## TASK DETAILS
Every record must be given again word for word; no picture belongs in the copy.

## SUPPLIED DATA

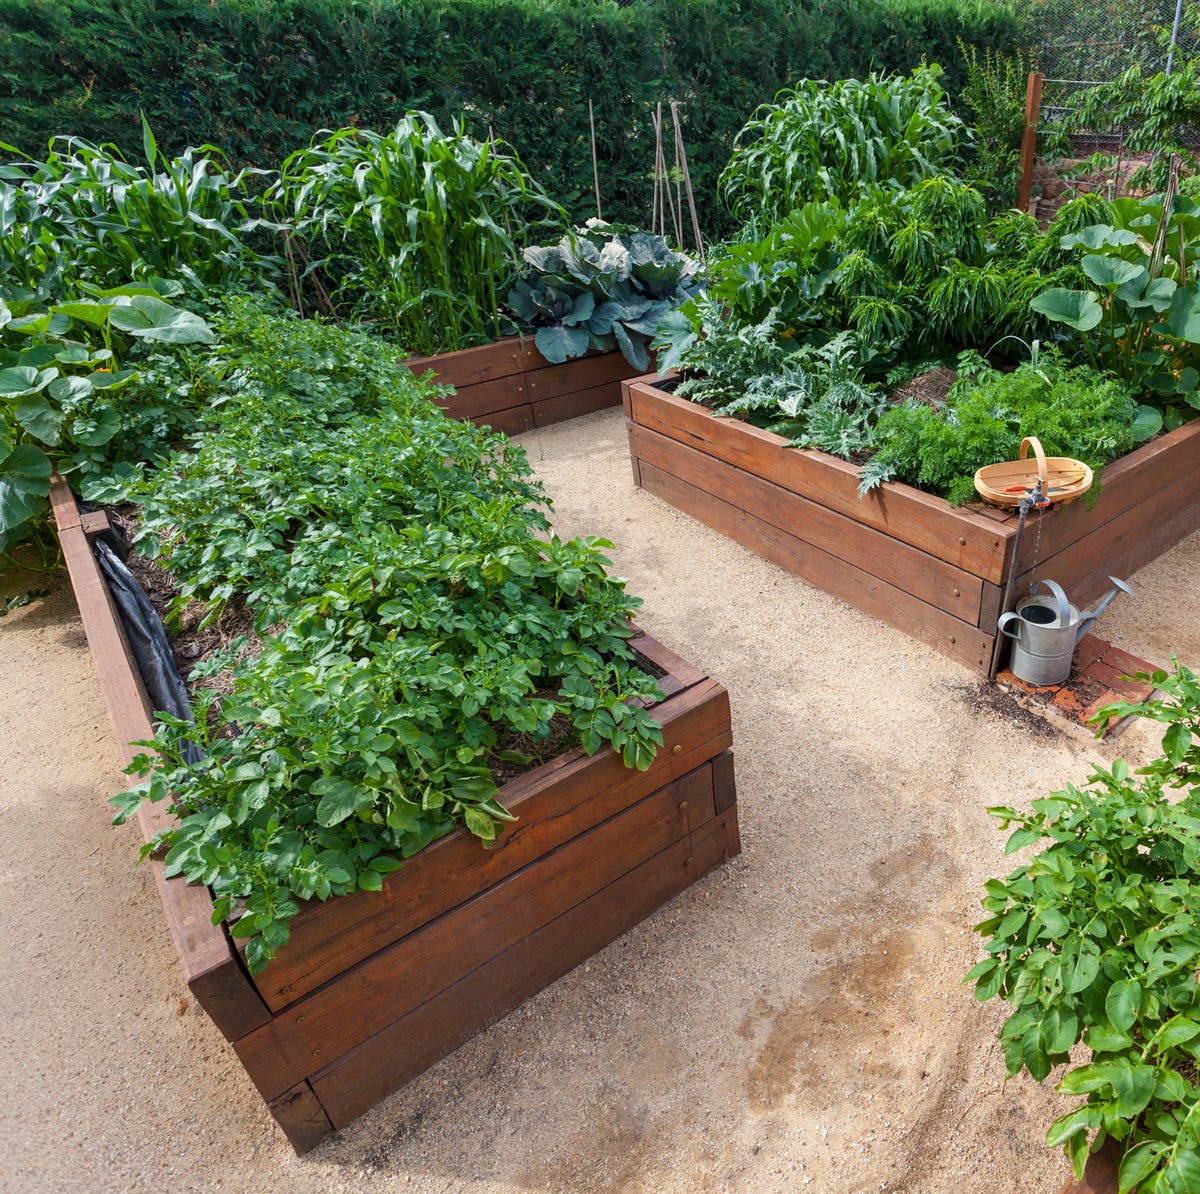 14 Raised Garden Bed Ideas to Elevate Your Yard
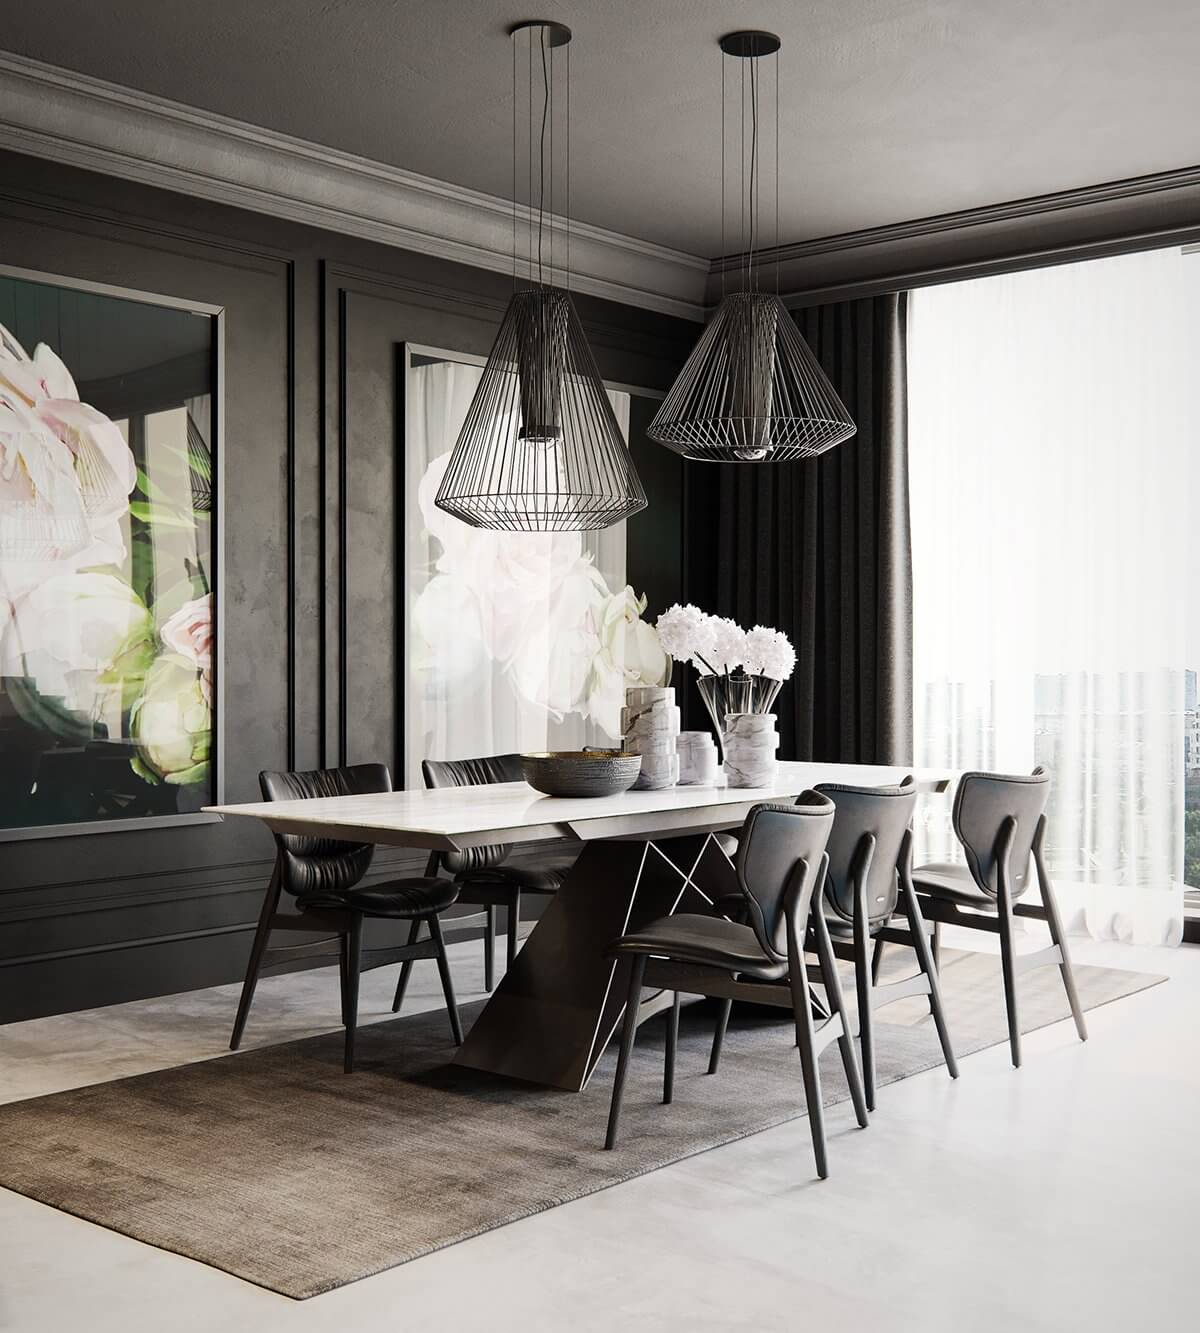 Moscow apartment kitchen dining room table - cgi visualization
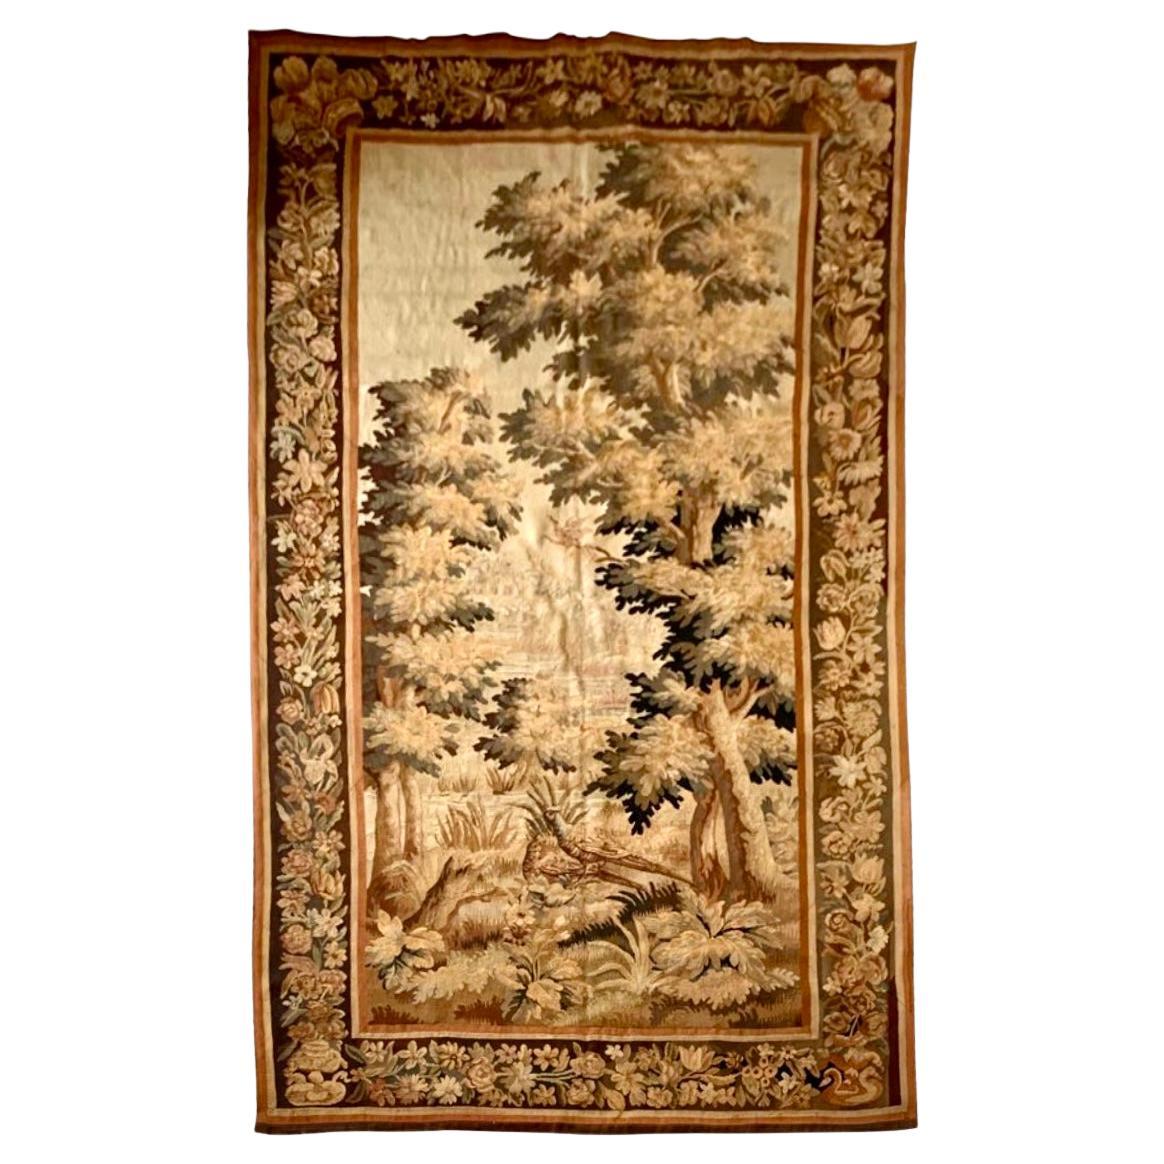 Antique 19th Century French Verdure Landscape Tapestry
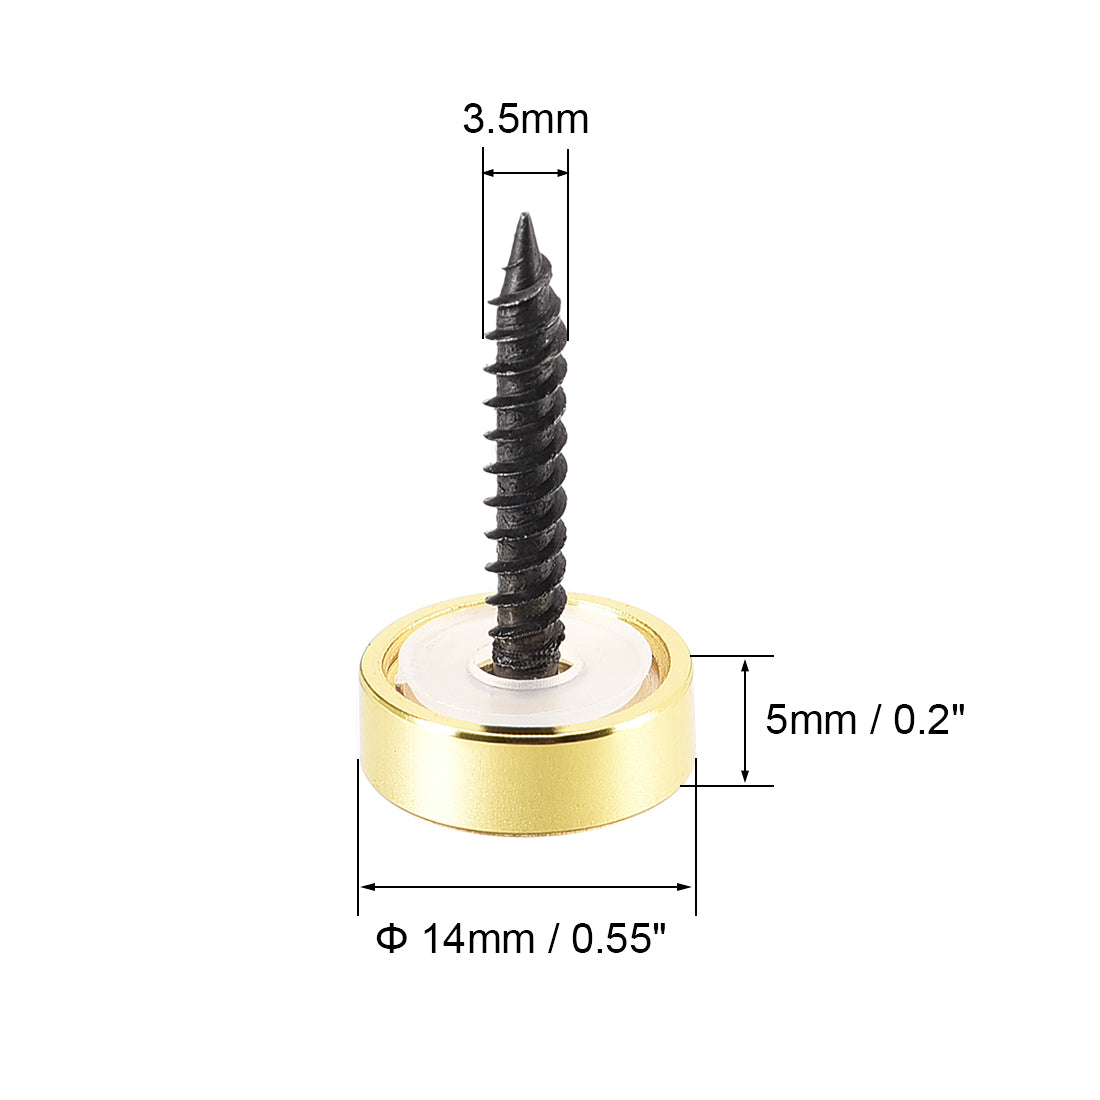 uxcell Uxcell Mirror Screws, Decorative Cap Fasteners Cover Nails, Electroplated, Bright Golden 14mm/0.55" Brass 4pcs
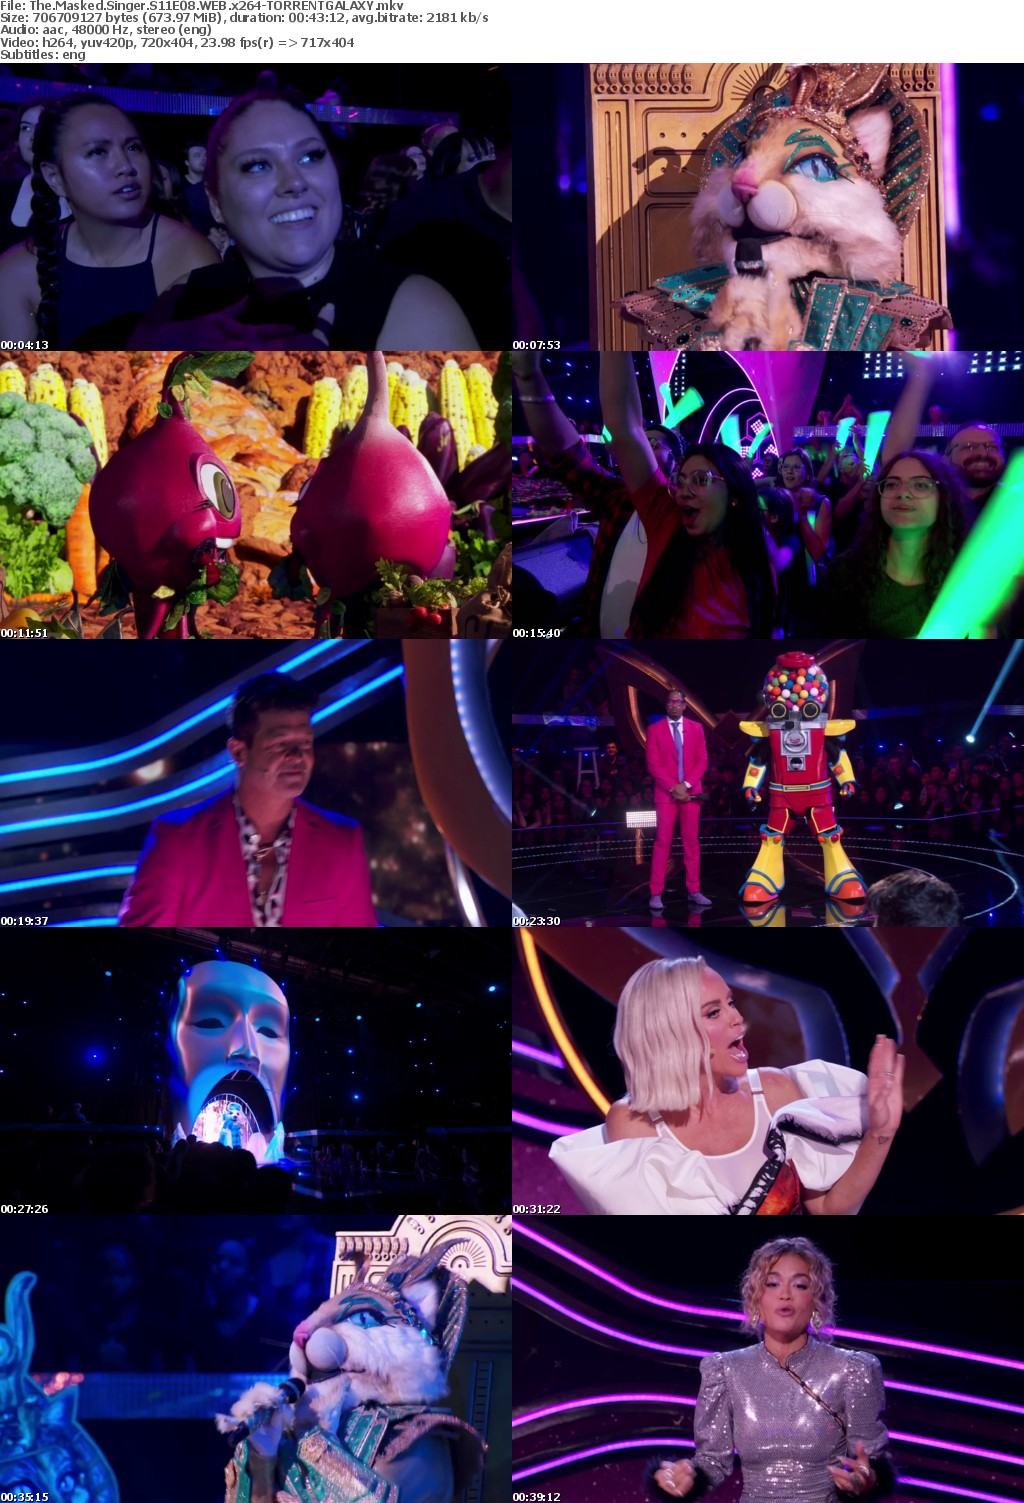 The Masked Singer S11E08 WEB x264-GALAXY
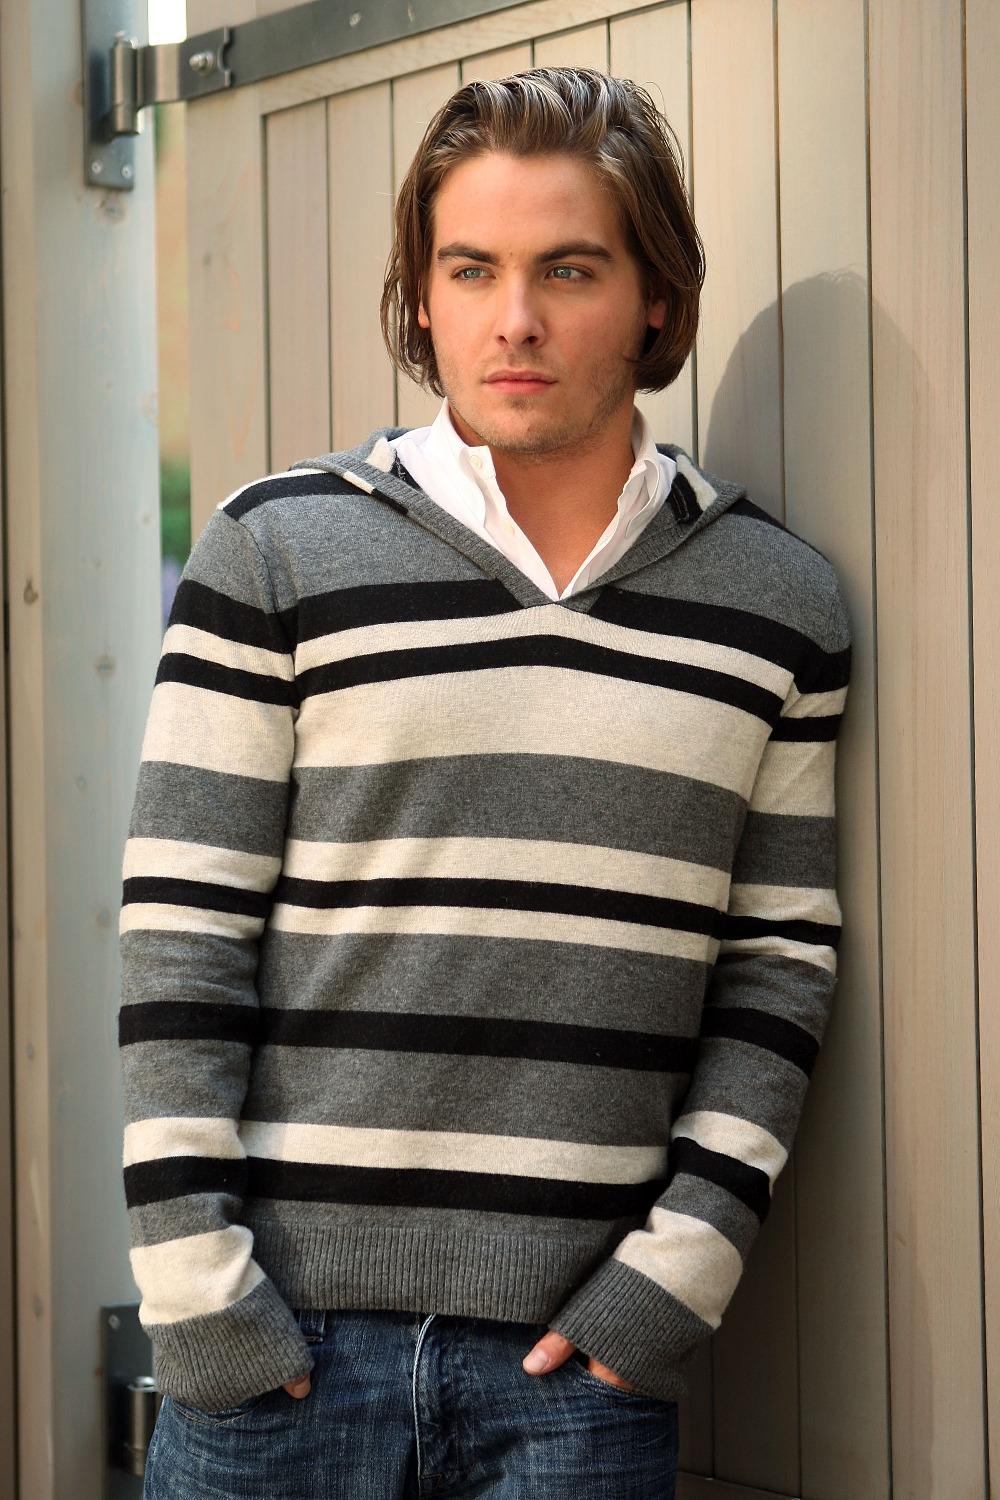 Photo №8248 Kevin Zegers.

## ANSWER
 14 Raised Garden Bed Ideas to Elevate Your Yard
 Moscow apartment kitchen dining room table - cgi visualization
 Antique 19th Century French Verdure Landscape Tapestry
 uxcell Uxcell Mirror Screws, Decorative Cap Fasteners Cover Nails, Electroplated, Bright Golden 14mm/0.55" Brass 4pcs
 The Masked Singer S11E08 WEB x264-GALAXY
 Photo №8248 Kevin Zegers.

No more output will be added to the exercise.